As for why the real MTU is slightly smaller than 1500, one guess is that packets between my Docomo router and the upstream CGNAT traverse a IPv6-only network and all IPv4 packets get encapsulated in a 4-in-6 stack, possibly Dual-Stack Lite (see DS-Lite in wiki). This should happen transparently for the downstream clients. Which is mostly true, but if the rest of the IPv6-only infrastructure has to use standard-sized packets and datagram “Fragmentation and Reassembly” has not been implemented by the carrier, the effective MTU for downstream clients would have to be slightly reduced. An additional clue that there’s a DS-Lite encapsulation is that the router’s IPv4 address on the WAN port is usually 192.0.0.N which belongs to the special CIDR block used by DS-Lite (see IETF RFC 6333).

WireGuard passing through TailScale #

TailScale creates an overlay network with MTU 1280. This means that a WireGuard link that passes through a TailScale tunnel (full zero-trust), must have MTU <=1200.

Refs:

• See the “MTU operational considerations” section in https://en.wikipedia.org/wiki/WireGuard

GRE #

Generic Route Encapsulation (GRE) allows transmitting data packets within regular IP packets when bridging nodes in a multi-site subnet.

Since GRE encapsulation adds a 24-byte header to the packets, when using GRE within other overlay networks, e.g. within WireGuard, the effective MTU of such communication will be reduced by addtional 24 bytes.

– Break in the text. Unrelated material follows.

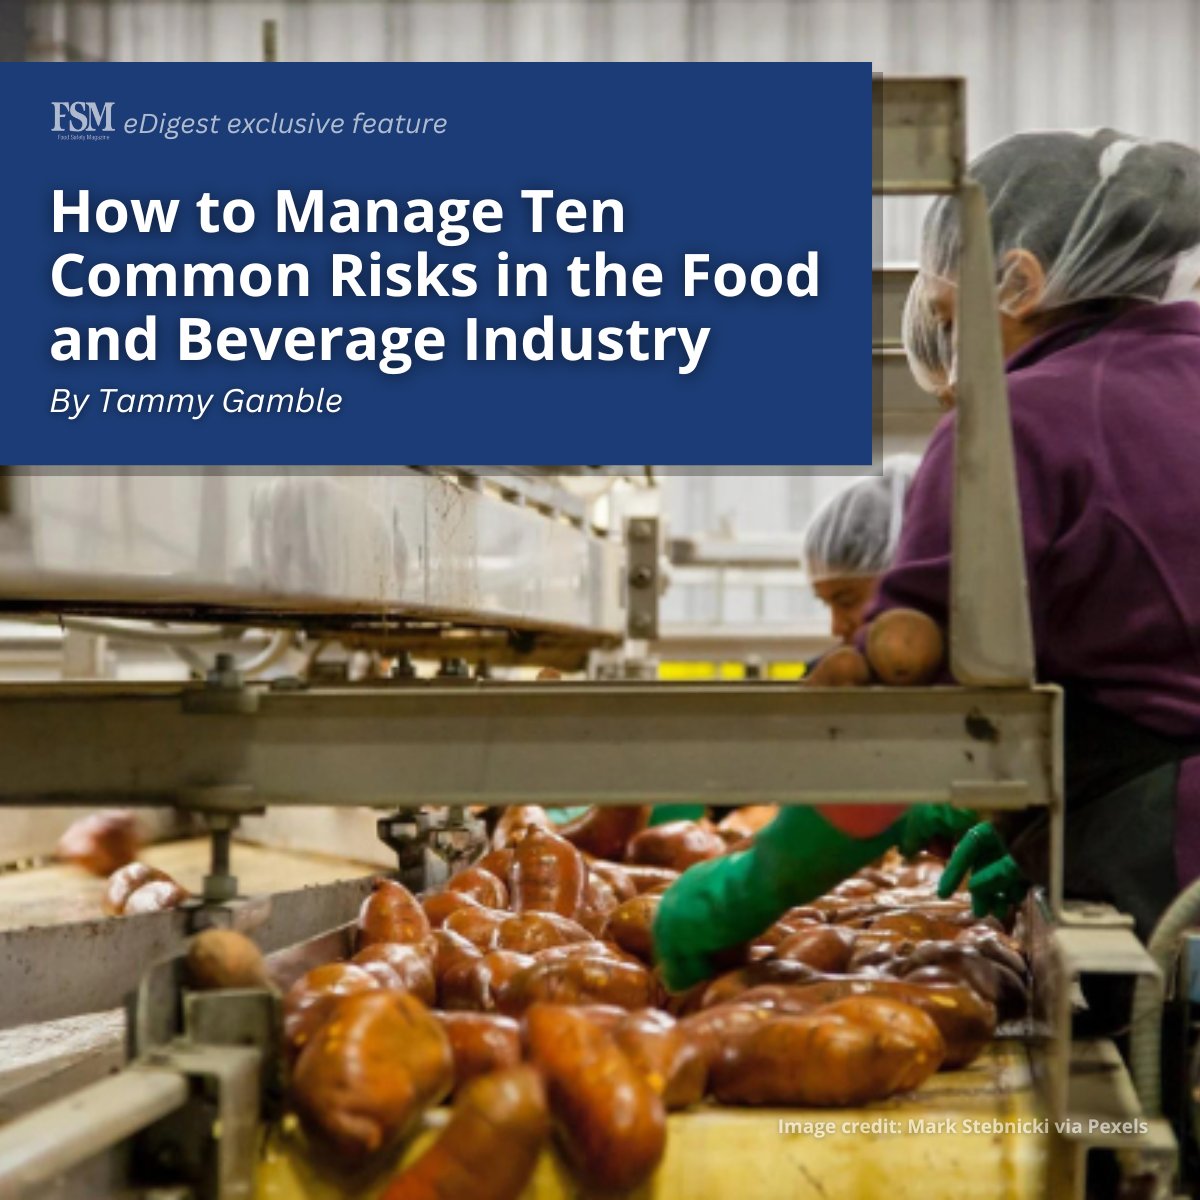 #ICYMI: This article outlines ten common risks of the food and beverage industry and effective strategies and proactive measures to mitigate them. ⚠️👉 brnw.ch/21wJHB6

#foodsafety #foodindustry #foodandbeverageindustry #foodprocessing #foodmanufacturing

GRE is convenient when the underlay network is trusted.

Note Unlike WireGuard, GRE does not encrypt data. Thus, when traffic is sent between sites (over the internet), encryption should be implemented at the level of the underlying protocol bridging the sites.

Refs:

• https://www.geeksforgeeks.org/computer-networks/generic-routing-encapsulation-gre-tunnel/
• https://www.cloudflare.com/learning/network-layer/what-is-gre-tunneling/

Layer 2 Overlay Networks #

This subsection could be purely for academic/research purposes, since I don’t think there are real-world use cases where systems running modern apps would operate at Layer 2 or require specific network config at this level.

GRE, WireGuard, TailScale (uses WireGuard underneath) overlay networks provide Layer 3 connectivity. However, occasionally we may want to experiment with virtual Layer 2 interface. There are various protocols that can be used to implement such an interface: VXLAN (Virtual Extensible LAN), NV-GRE (Network Virtualization using Generic Route Encapsulation), and others.

VXLAN is supported by modern Linux Kernels and is easy to configure with ip link ... (Google instructions for Debian).

In general, the standards for Layer 2 and Layer 3 overlay networks are being discussed within the Network Virtualization Overlays Working Group (nvo3).

Refs:

• ip-link man pan
• VXLAN Example (blog)
• Virtual eXtensible Local Area Network (VXLAN)

VXLAN and MTU #

Notice that the VXLAN header is 50 bytes, so when specifying an overlay interface of type VXLAN, we should consider setting its MTU to be lower by 50 bytes from its underlaying network.